TASK BRIEF: Would you print the data below exactly, leaving out every picture?

SUPPLIED DATA:

##############################

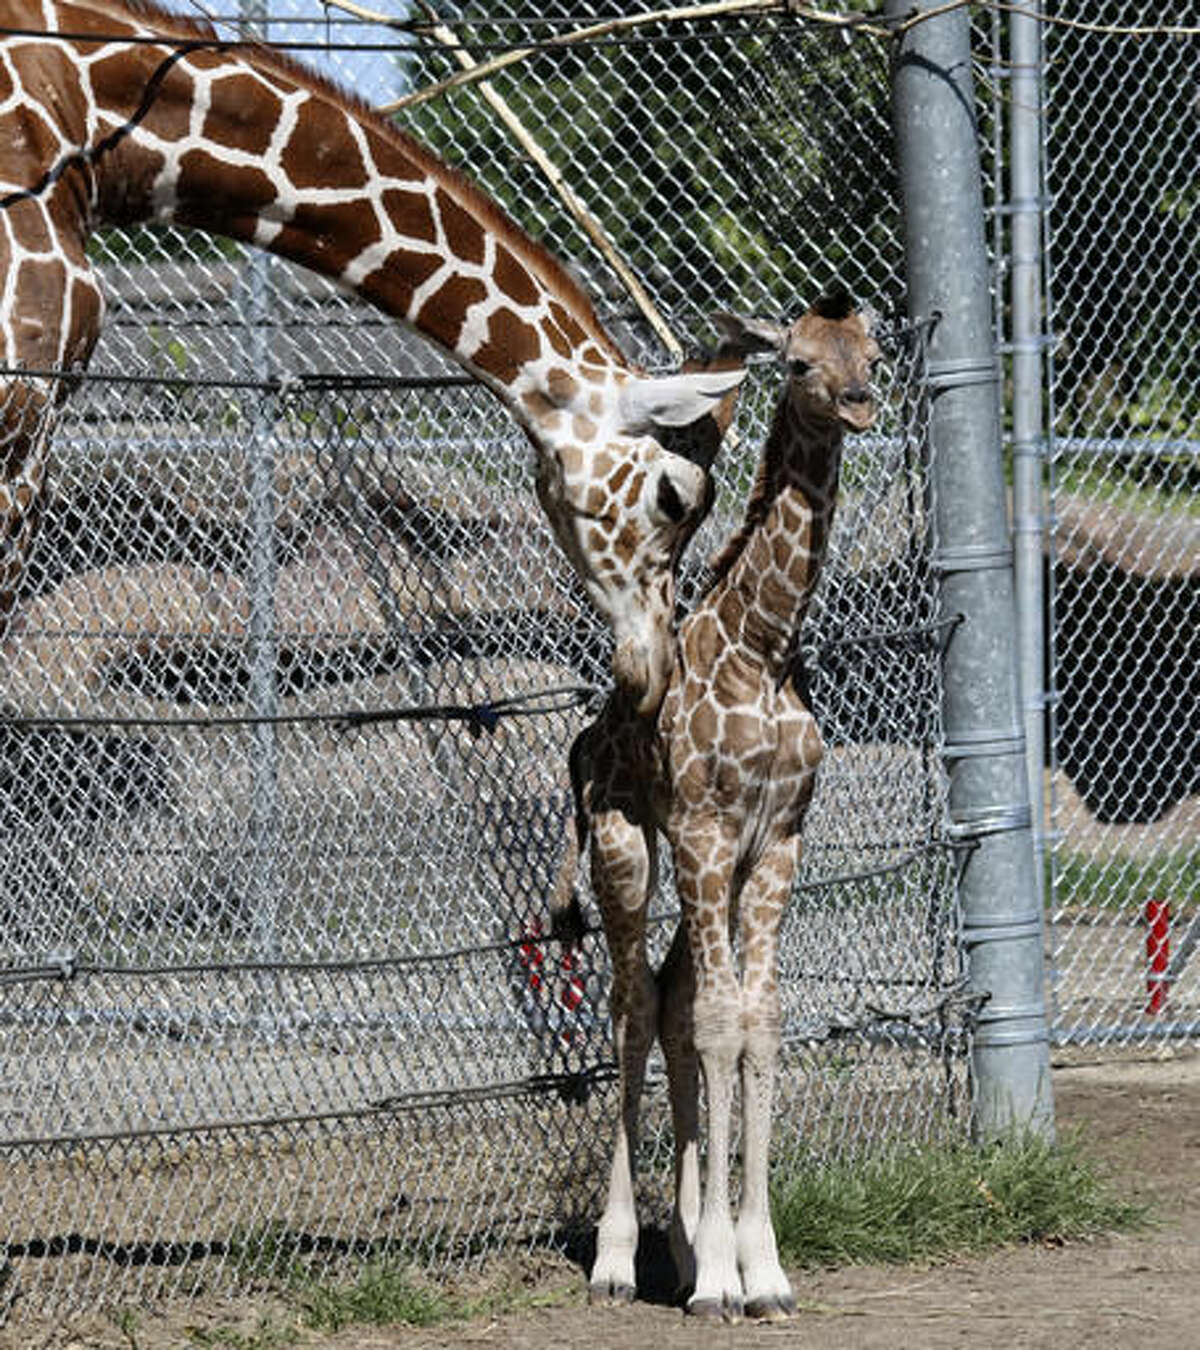 In this Sunday, Aug. 7, 2016, photo provided by the Detroit Zoo, a giraffe calf, right, is visited by her big brother, Mpenzi, at the Detroit Zoo in Royal Oak, Mich. The yet-unnamed calf was born on Saturday, Aug. 6, at the giraffe habitat of the Detroit Zoo and already stands more than 5 feet tall, according to the zoo. (Jennie Miller/Detroit Zoo via AP)
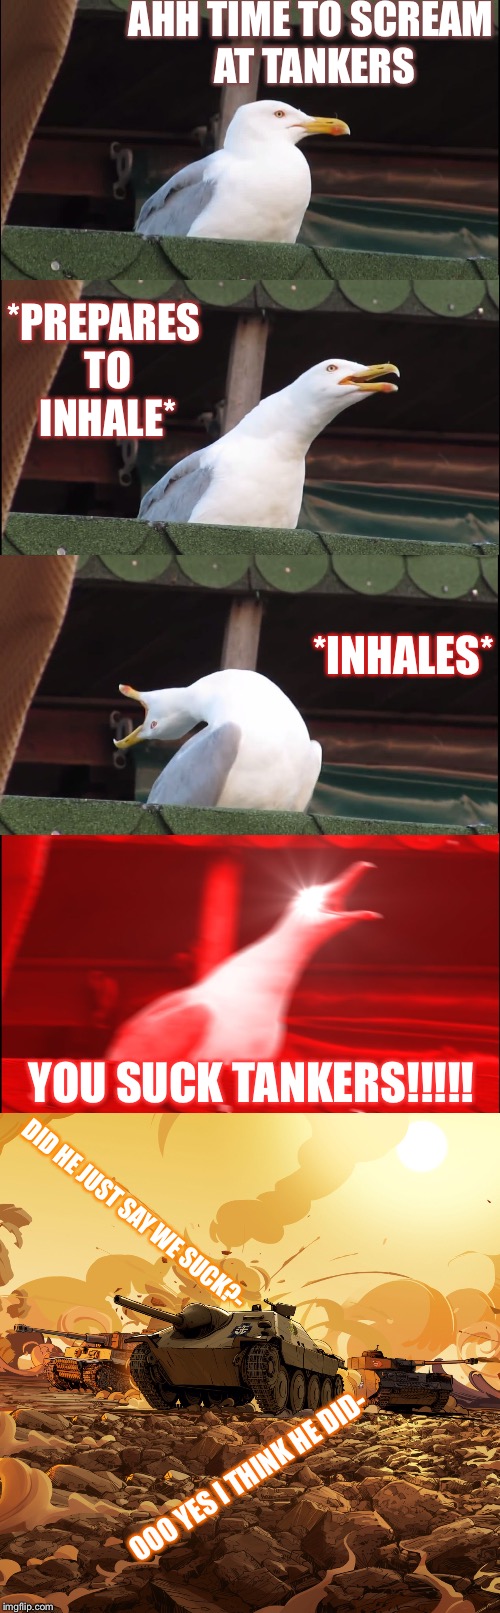 The inhaling seagull scream pin at the tankers. *laughs* XD | AHH TIME TO SCREAM AT TANKERS; *PREPARES TO INHALE*; *INHALES*; YOU SUCK TANKERS!!!!! DID HE JUST SAY WE SUCK?-; OOO YES I THINK HE DID- | image tagged in inhaling seagull,memes,world of tanks blitz | made w/ Imgflip meme maker
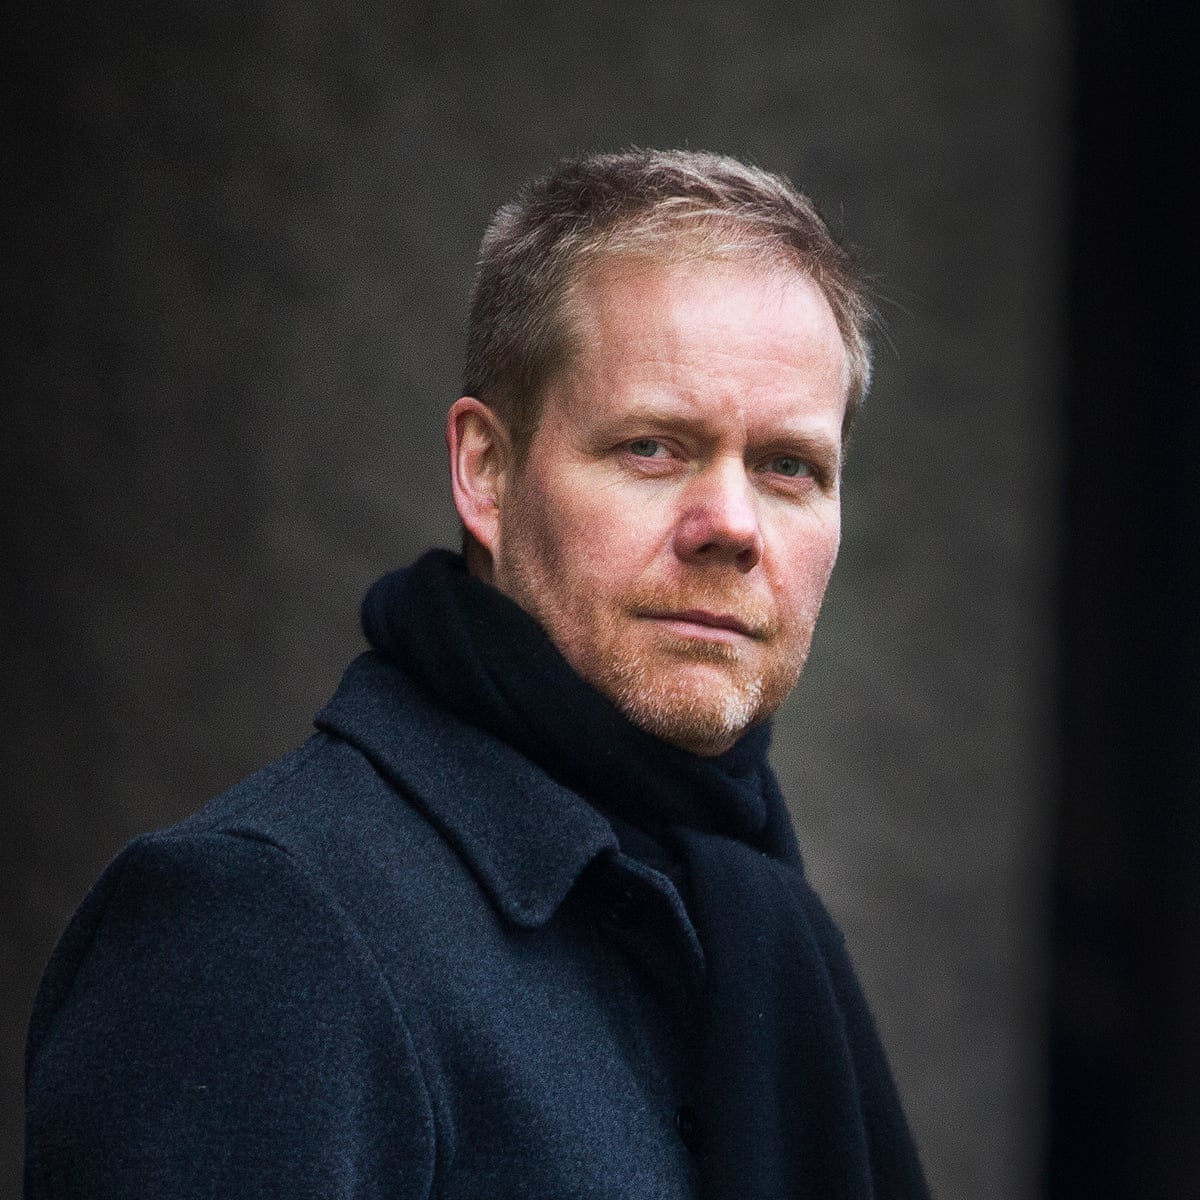 Like seeing a sculpture from a different angle': Max Richter on

##############################

RESPONSE BELOW:
 In this Sunday, Aug. 7, 2016, photo provided by the Detroit Zoo, a giraffe calf, right, is visited by her big brother, Mpenzi, at the Detroit Zoo in Royal Oak, Mich. The yet-unnamed calf was born on Saturday, Aug. 6, at the giraffe habitat of the Detroit Zoo and already stands more than 5 feet tall, according to the zoo. (Jennie Miller/Detroit Zoo via AP)
 The inhaling seagull scream pin at the tankers. *laughs* XD | AHH TIME TO SCREAM AT TANKERS; *PREPARES TO INHALE*; *INHALES*; YOU SUCK TANKERS!!!!! DID HE JUST SAY WE SUCK?-; OOO YES I THINK HE DID- | image tagged in inhaling seagull,memes,world of tanks blitz | made w/ Imgflip meme maker
 Like seeing a sculpture from a different angle': Max Richter on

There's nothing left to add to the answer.